若いと思っていたが、まさか秋葉と同い年――一八歳だとは予想だにしていなかった。
せめて二十歳以上だと高を括っていたというのに。
「それにお前、訓練とは云え歴代最高点を叩き出したんだろ? 俺と同い年だし、ちょうどいいと思ってたんだが」
嫌だったら断ってくれても構わないぞ、と付け加えられ、秋葉は大慌てで首を横に振った。

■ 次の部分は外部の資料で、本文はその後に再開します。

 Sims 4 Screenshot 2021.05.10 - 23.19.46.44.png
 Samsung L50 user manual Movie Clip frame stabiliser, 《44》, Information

取れるんじゃないかと危惧してしまうぐらいに思いっきり。
「い、いえ! 少佐ほどの方にそのような評価を戴き、至極恭悦に御座いますッ! ……ただ、その……お役に立てるかどうか――」
昨日の失態を思い出すと、自然に項垂れてしまう。
周りを馬鹿にして、先達の努力を否定して、調子に乗りまくった結果があの様では落ち込まずしてどうするのだ。
“気まずいなぁ”
投影機械を動かす技術者の冷めた視線を思い浮かべて、上官の前だというのに落ち込んでしまう秋葉の頭にポンと手が乗った。
「昨日のことならそう気にするな」
「しょ、少佐?」
「昨日が初めての実戦だったんだろ?」
コクりと頷くと、彼は笑った。
どこまでも包み込むような笑みだった。